Analogie, che si ripercorrono se si va oltre la forma. Perché se siamo ormai abituati a vedere i due italiani sulla panchina di Juventus e Inter, ci si abituerà anche a Mourinho in veste Spurs. Quel che li accomuna, però, non è tanto la scelta, quanto la gestione della stessa in sala stampa, il giorno della presentazione. Oggi è toccato a José, che come Sarri e Conte ha deposto l'ascia di guerra degli anni giovanili (cioè, fino ad un anno fa allo United) per mostrarsi al pubblico come una persona posata, dentro i ranghi. Fa già sorridere così, ma se ripensiamo agli istrionici caratteri dei tre, riguardare il loro primo giorno nei nuovi club racconta una cruda verità: l'imbarazzo, la timidezza - che si trasformano in accortezza - colpisce anche loro.

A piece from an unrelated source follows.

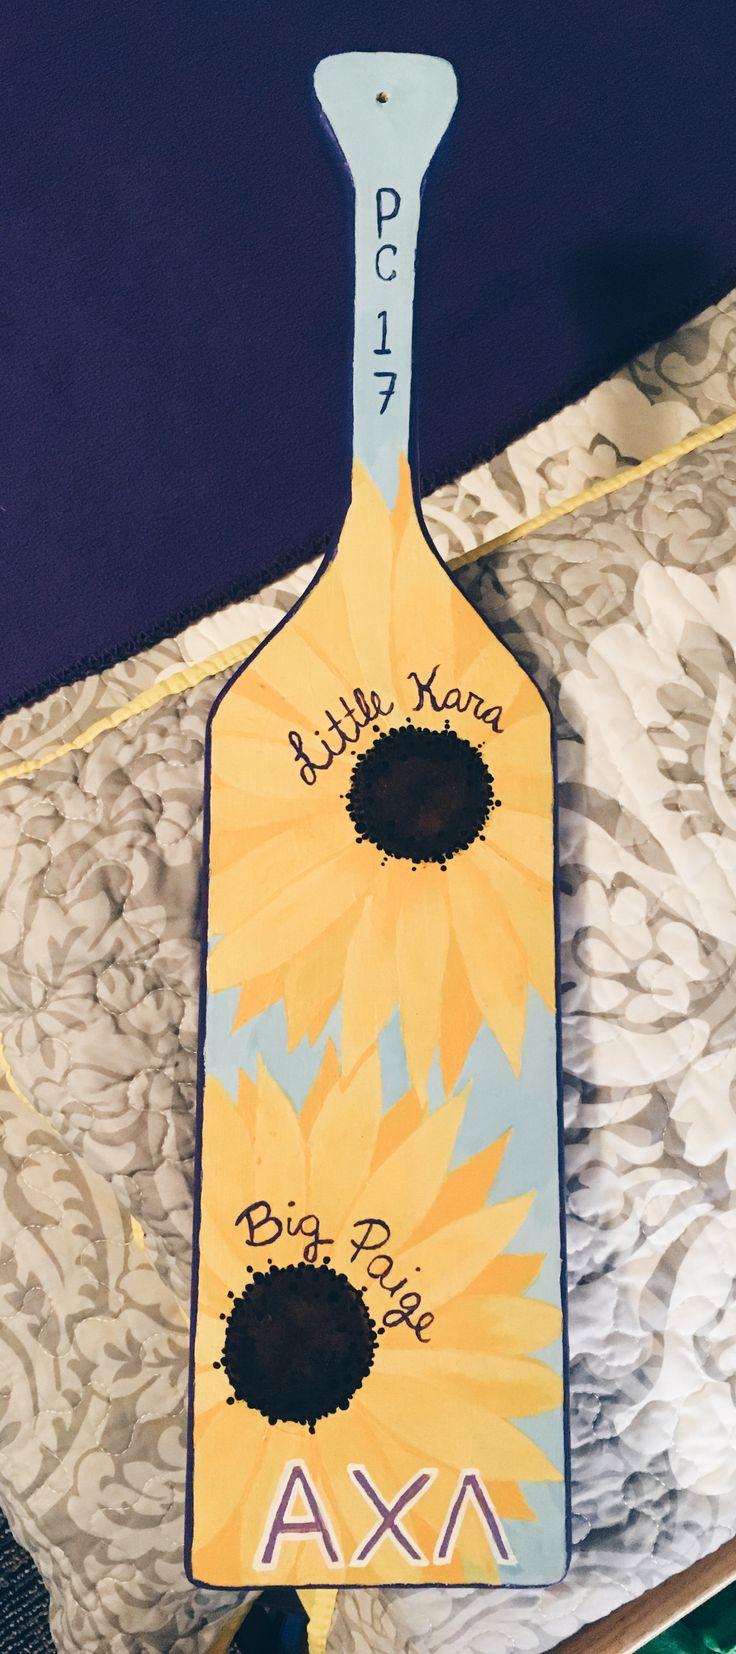 big little paddle
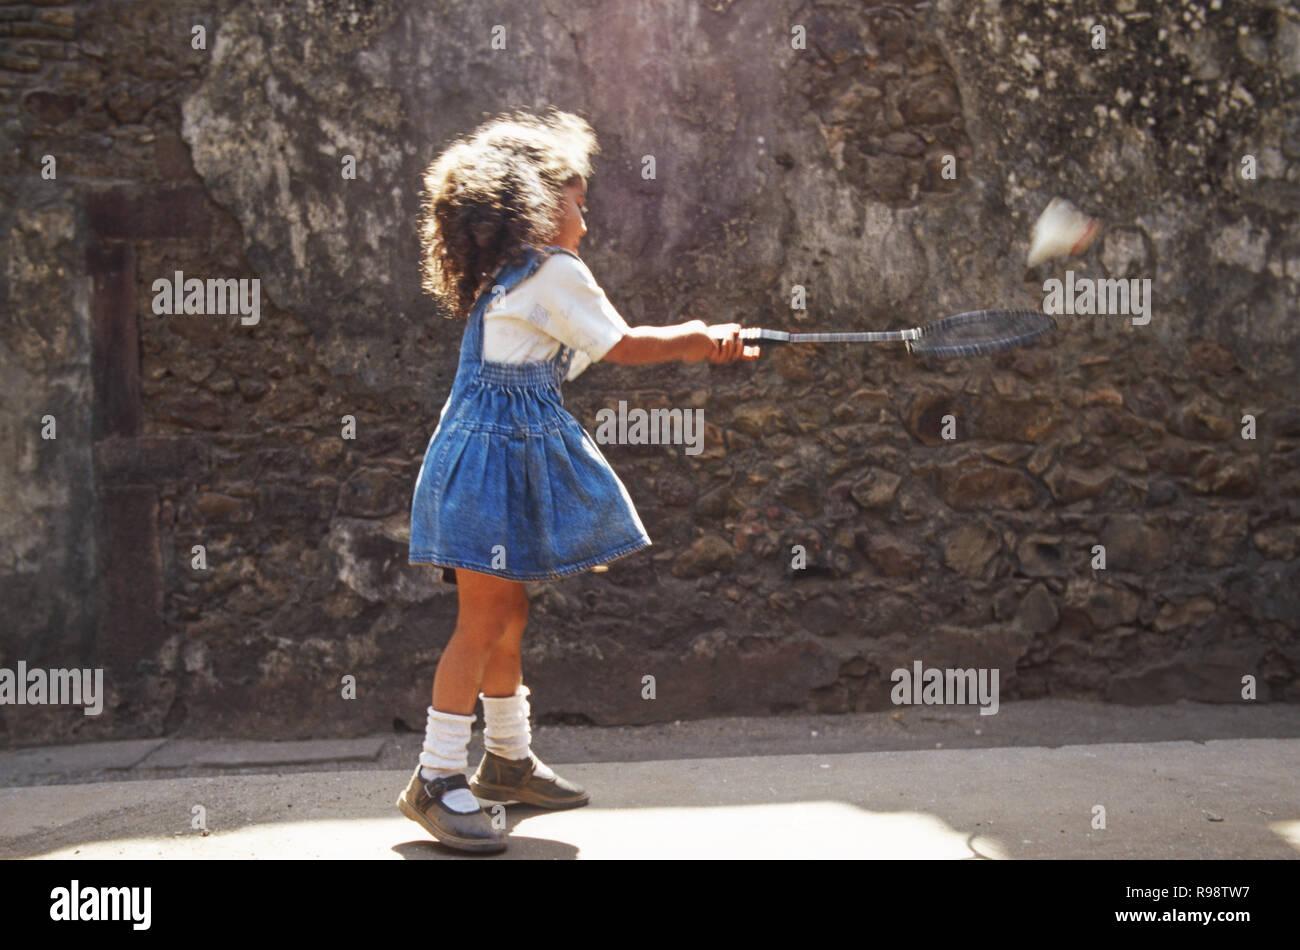 Young Girl playing Badminton Photo Stock

Loro, che abbiamo creduto superuomini immuni dai capricci dei comuni mortali. Lui, Mourinho, che si è detto "umile", non più Special. Lui, che ha sempre fatto discutere, oggi si è messo al servizio della società ("Sono Mister Club") come un semplice magazziniere. Riflessivo e posato, come Sarri che ha rifuggito subito l'etichetta di scelta rivoluzionaria: "Non ci penso e non lo so" disse a chi gli ha chiesto alla presentazione se rappresentasse il cambiamento più drastico della sua carriera. O Conte, che messo di fronte alla doppia sfida contro la Juventus ha scelto la moderazione: "​Saranno due partite importanti, senza dimenticare che ce ne saranno altre 36". Si fa in tempo a cambiare, idea e approccio, ma la propria natura è più difficile da nascondere dietro le formalità. In attesa quindi di veder uscir fuori il vero Sarri, il vero Conte o il vero Mourinho, è giusto sottolineare come il terzetto si sia voluto scollare di dosso ogni pregiudizio, consapevoli di aver preso una scelta divisiva: non avrebbe avuto senso presentarsi da incendiari, con tanto scetticismo intorno. Avranno i loro difetti, ma non si può nascondere che l'intelligenza li accomuna. Ed è ancora un pregio, sia chiaro.